I shouldn’t ask this but could someone help with my problem here : Nextcloud in docker behind nginx as reverse proxy
It has been there for a long time and no one looked at it.
It is a very similar issue with docker and nginx reverse proxy.
Thank you

droidhackzor · January 10, 2020, 6:37pm

that’s pretty much the same as this post charles. this one just combines a bunch of the issues with running both nextcloud, collabora and nginx-rp

droidhackzor · January 10, 2020, 6:44pm

What kind of system are you using for hosting of the appliances?

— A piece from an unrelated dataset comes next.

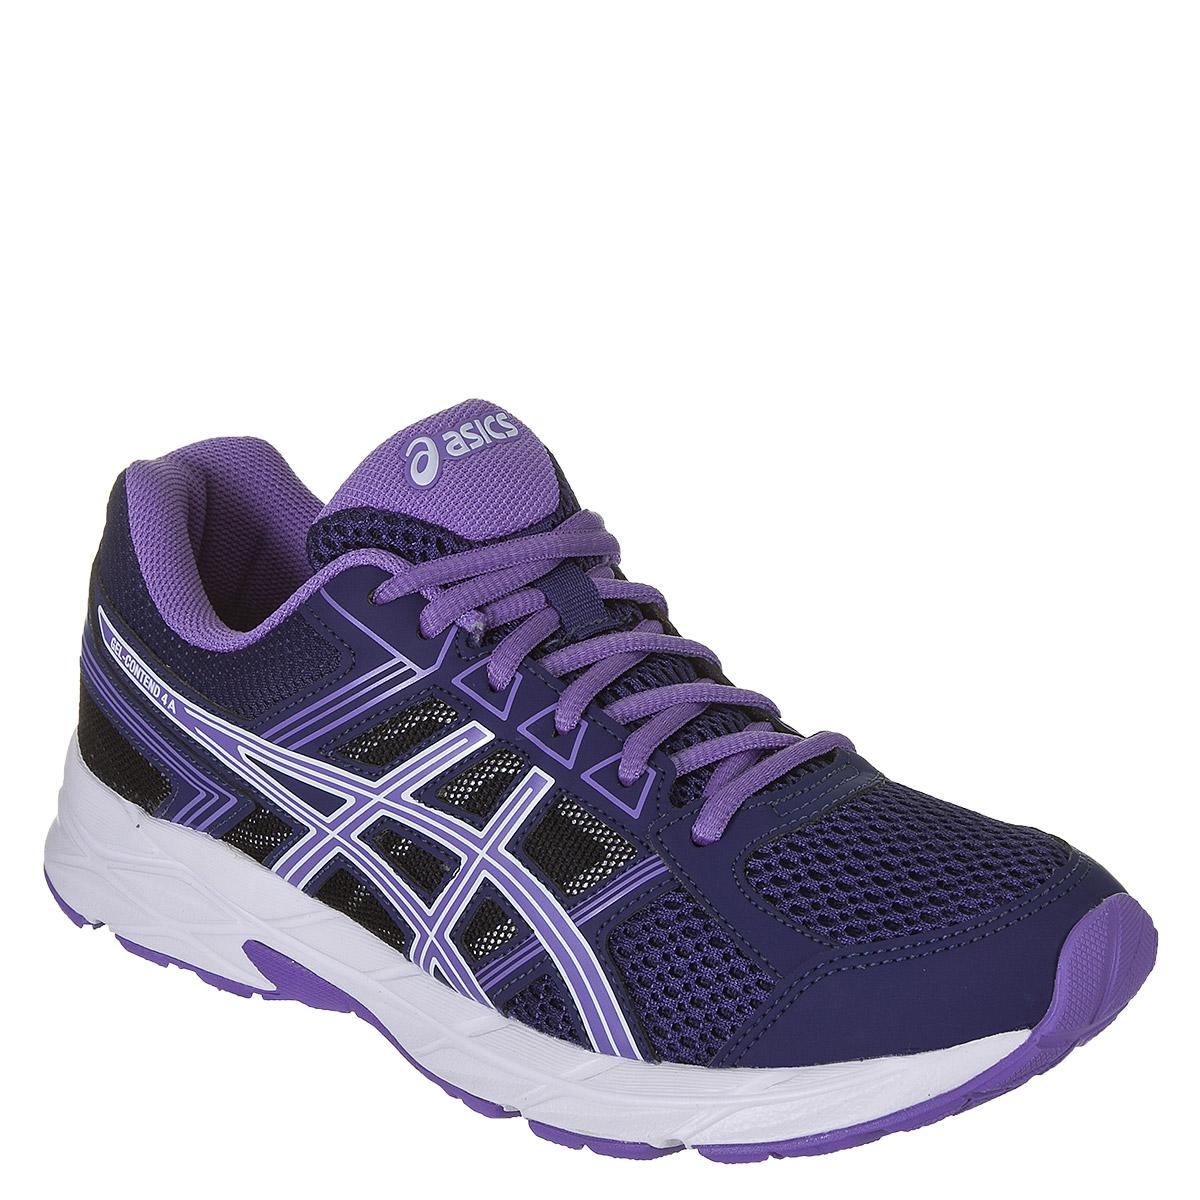 Tênis Asics Gel Contend 4 Feminino - Azul/Púrpura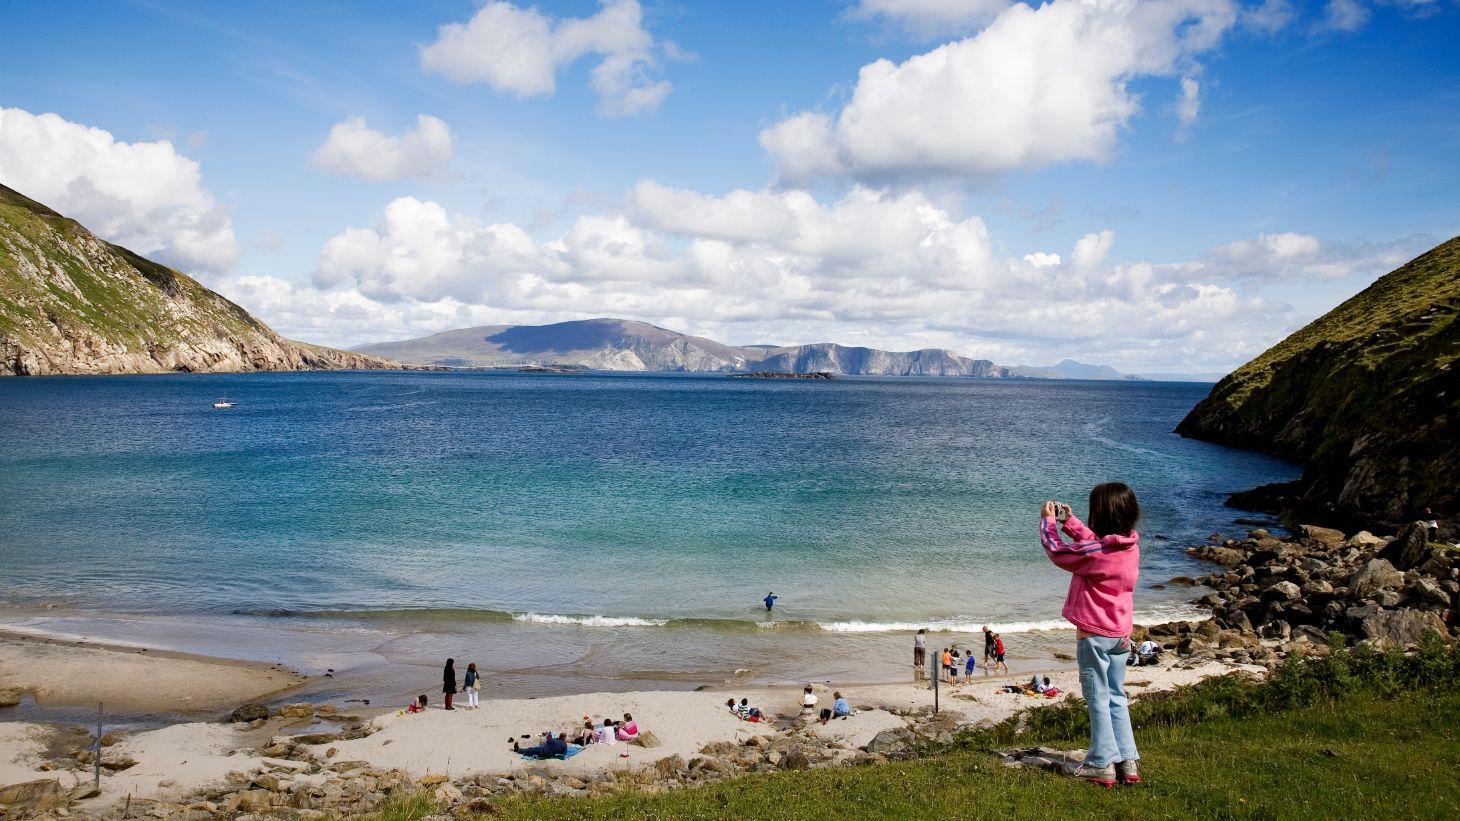 Take the whole family to the idyllic Keem Bay.

The only reason I ask is that if it’s unraid, then you can create a new docker network and without changing the containers too much move them over to the new network and they all should be able to talk to eachother

droidhackzor · January 10, 2020, 6:54pm

reiner:

at this point, i’m concidering moving to a different container, i am wondering if some of the problems are steming from the build of the container linuxserver/nextcloud repo from linuxserver.io though i have no proof. i will try the container strait from dockerhub instead of the one from the unraid list.